LPAs vary widely in how tightly they define co-invest terms. Vague language like "GP may offer co-investment opportunities to LPs at its sole discretion" gives you almost nothing enforceable. Specific language sets a minimum allocation percentage, defines eligible LPs by commitment size, establishes a response window, and governs how GPs handle oversubscription. The difference between those two versions is worth reading carefully before you sign.
Why GPs Offer Co-Investment Rights
GPs offer co-investment rights for one primary reason: deals get large. A buyout fund sized at $3 billion has diversification constraints. It cannot put 20% of NAV into a single company. When a target company's equity requirement exceeds what the fund can absorb alone, the GP needs additional equity capital fast. Co-investors fill that gap without the GP going to a competing firm or syndicating at unfavorable terms.

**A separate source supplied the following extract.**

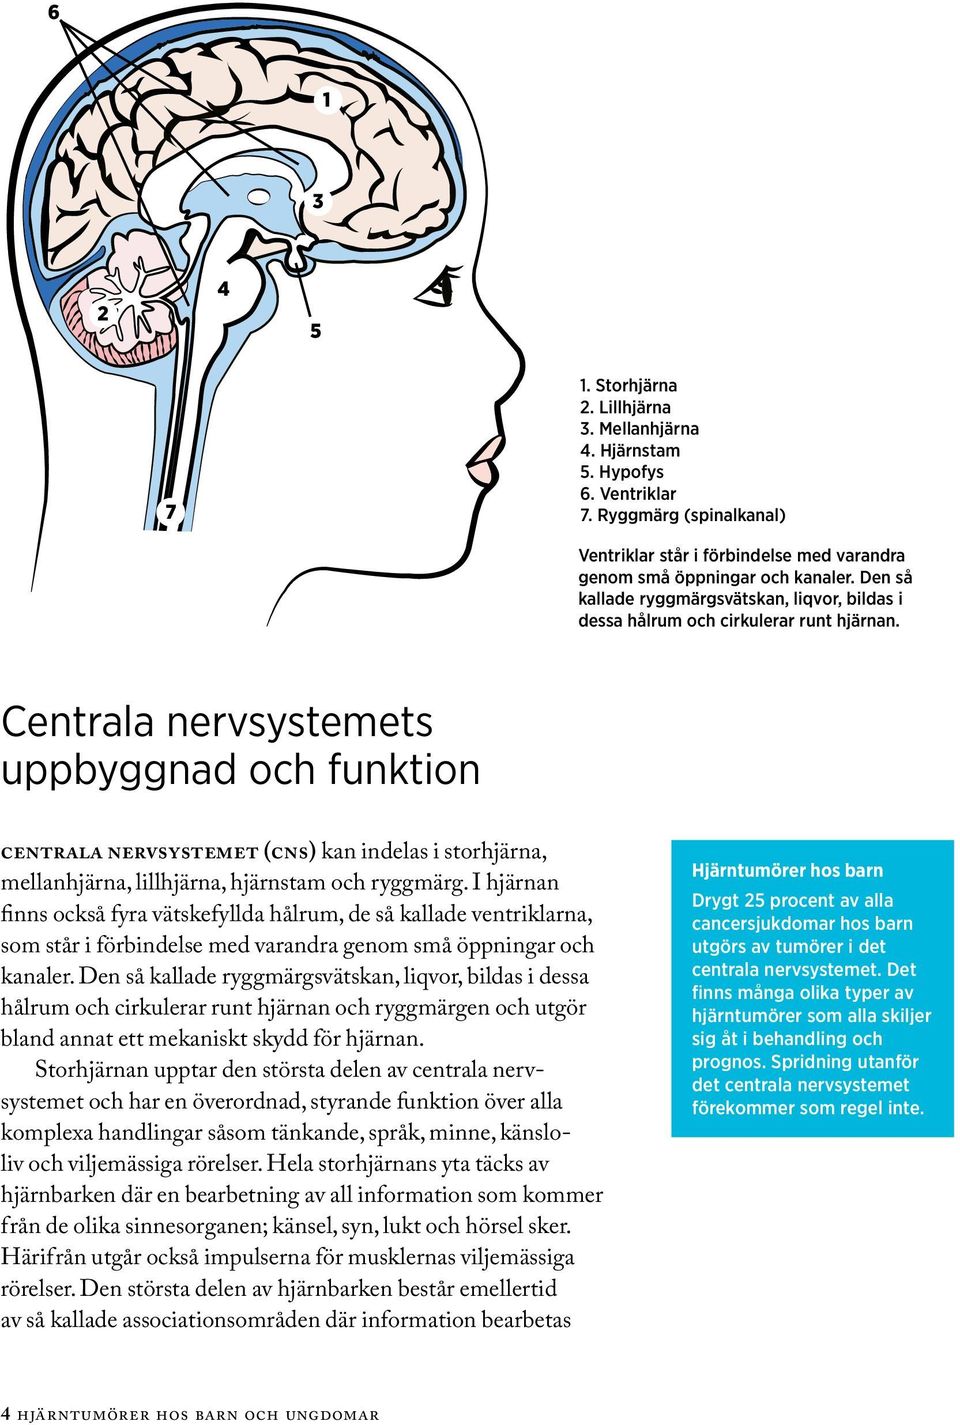 Centrala nervsystemets uppbyggnad och funktion centrala nervsystemet (cns) kan indelas i storhjärna, mellanhjärna, lillhjärna, hjärnstam och ryggmärg.

A secondary reason is LP relationship management. Large institutions expect co-investment access as a condition of deploying $200 million or more into a flagship fund. GPs who want sticky capital from major pension funds and sovereign wealth vehicles offer structured co-invest programs as a feature of the LP relationship. One PE firm surveyed by Katten Muchin Rosenman reported a 38% increase in co-invest opportunities in 2023 and projected a 47% increase through 2024, driven directly by deal size inflation and GP capital management strategy.

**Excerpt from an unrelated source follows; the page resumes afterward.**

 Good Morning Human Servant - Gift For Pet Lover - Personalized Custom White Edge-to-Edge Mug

There is also a speed advantage. A co-investor who has already signed framework documents, passed KYC, and received fund materials can close faster than a new counterparty. GPs value that friction reduction when auction timelines compress.
The Fee Economics: Specific Math
Standard PE fund economics run at 2% management fee on committed capital and 20% carried interest above an 8% hurdle. Those terms apply to every dollar you commit to the blind pool. Co-investments are structured differently.
Ropes & Gray data covering single-asset co-investments from 2022 forward shows 68% charged zero management fees and 63% were carry-free. A separate analysis found that 49% of co-investments over the prior three years incurred neither fees nor carry in any form. When fees are charged on co-invest vehicles, the typical management fee runs 0.75% to 1%, and carry, when charged, typically falls in the 7.5% to 15% range rather than the standard 20%.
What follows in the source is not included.